* Supplied material:
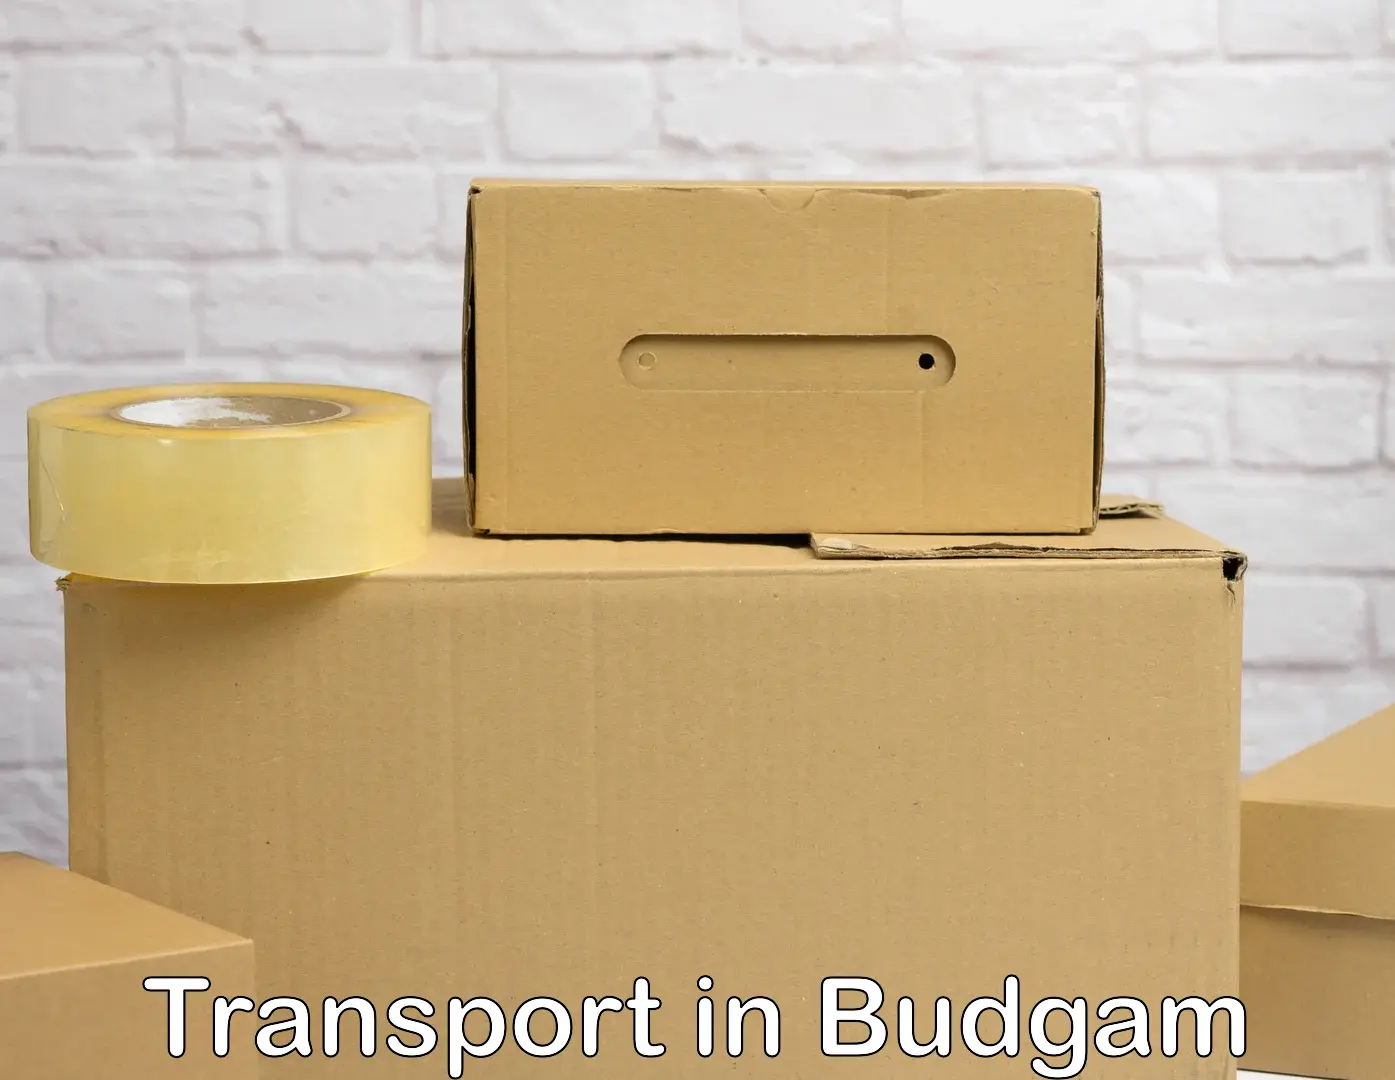 Express transport services in Budgam
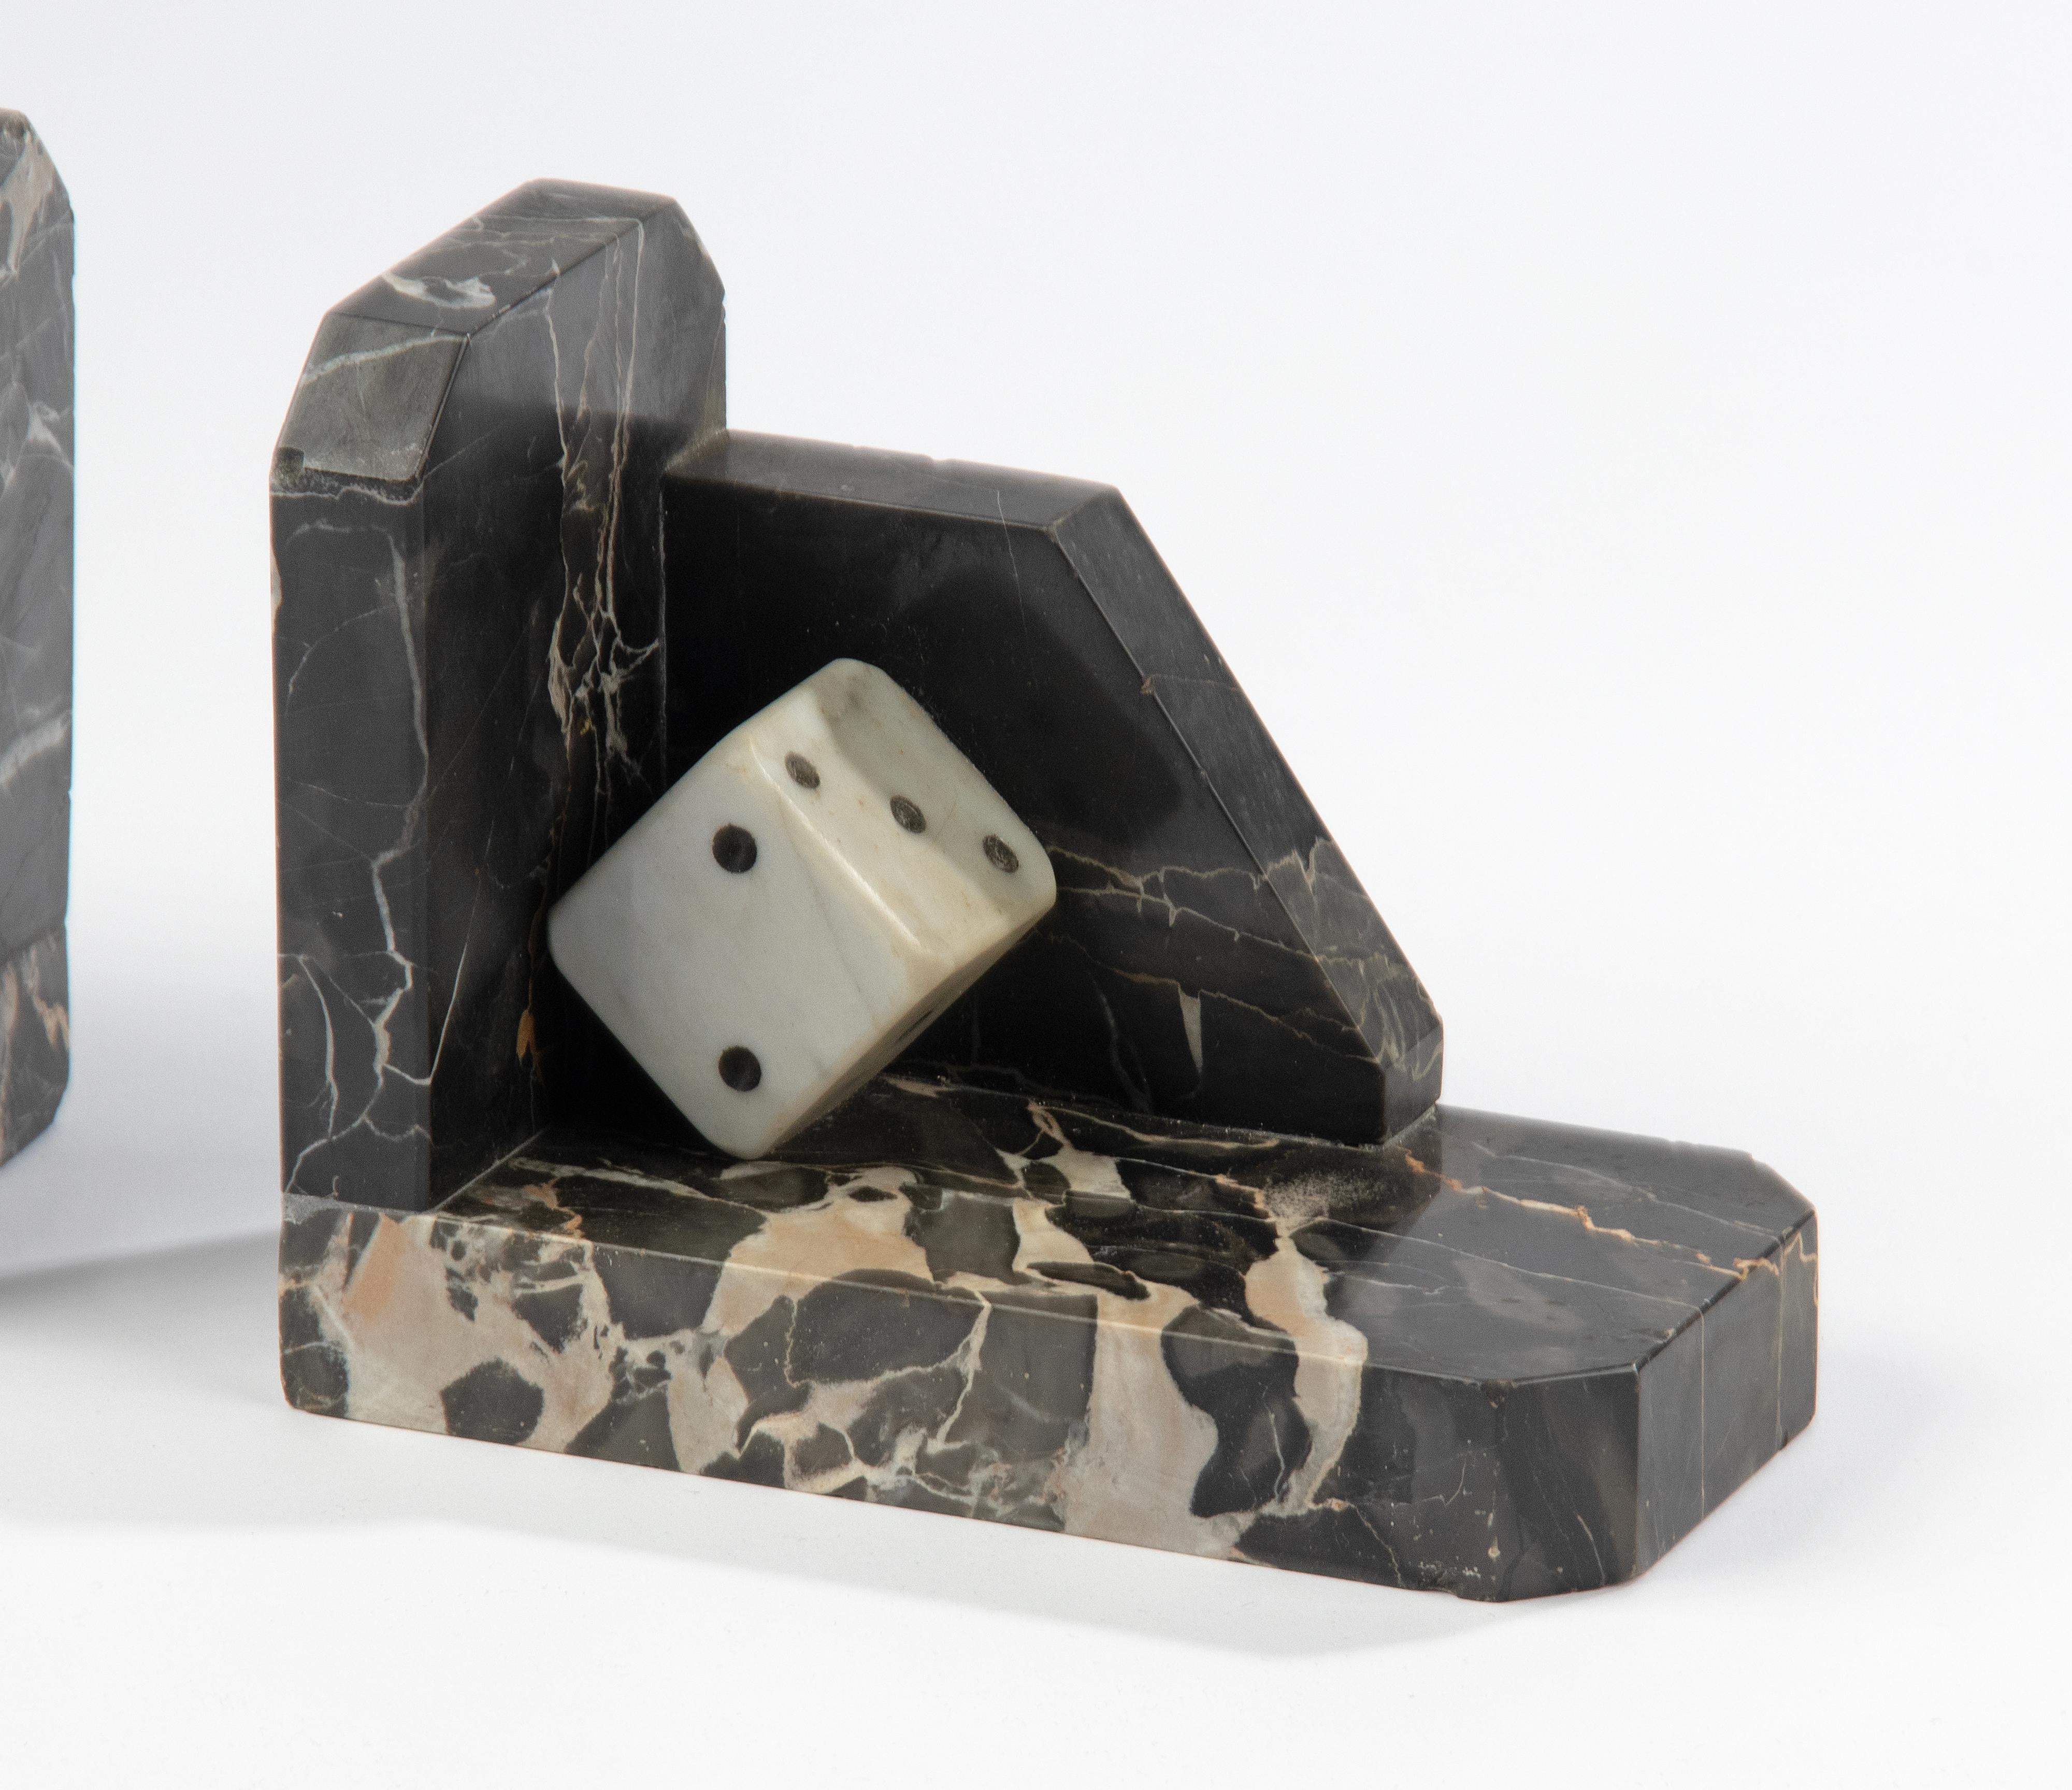 A pair of Art Deco period bookends with dice, made of Port Nero Marble, the dice are made of white Carrara marble. It is a decorative piece for on a desk or in the bookcase. Made in France around 1920-1920. Overall in good condition. Some tiny (old)
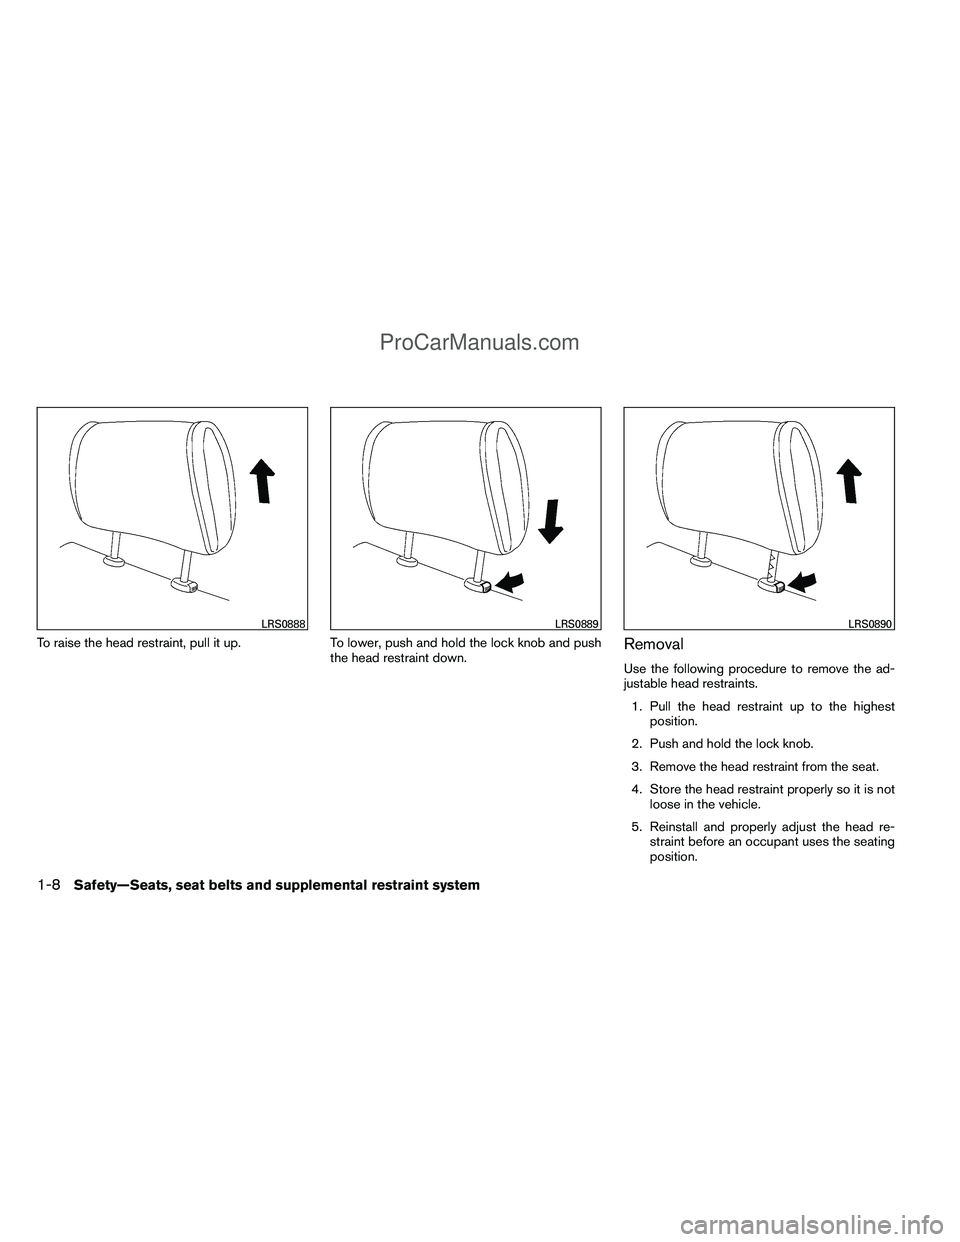 NISSAN TITAN 2012 Owners Manual To raise the head restraint, pull it up.To lower, push and hold the lock knob and push
the head restraint down.Removal
Use the following procedure to remove the ad-
justable head restraints.
1. Pull t

* Exercise prompt: Set down every entry exactly; omit the pictures.

* Solution:
 Express transport services in Budgam
 A pair of Art Deco period bookends with dice, made of Port Nero Marble, the dice are made of white Carrara marble. It is a decorative piece for on a desk or in the bookcase. Made in France around 1920-1920. Overall in good condition. Some tiny (old)
 NISSAN TITAN 2012 Owners Manual To raise the head restraint, pull it up.To lower, push and hold the lock knob and push
the head restraint down.Removal
Use the following procedure to remove the ad-
justable head restraints.
1. Pull t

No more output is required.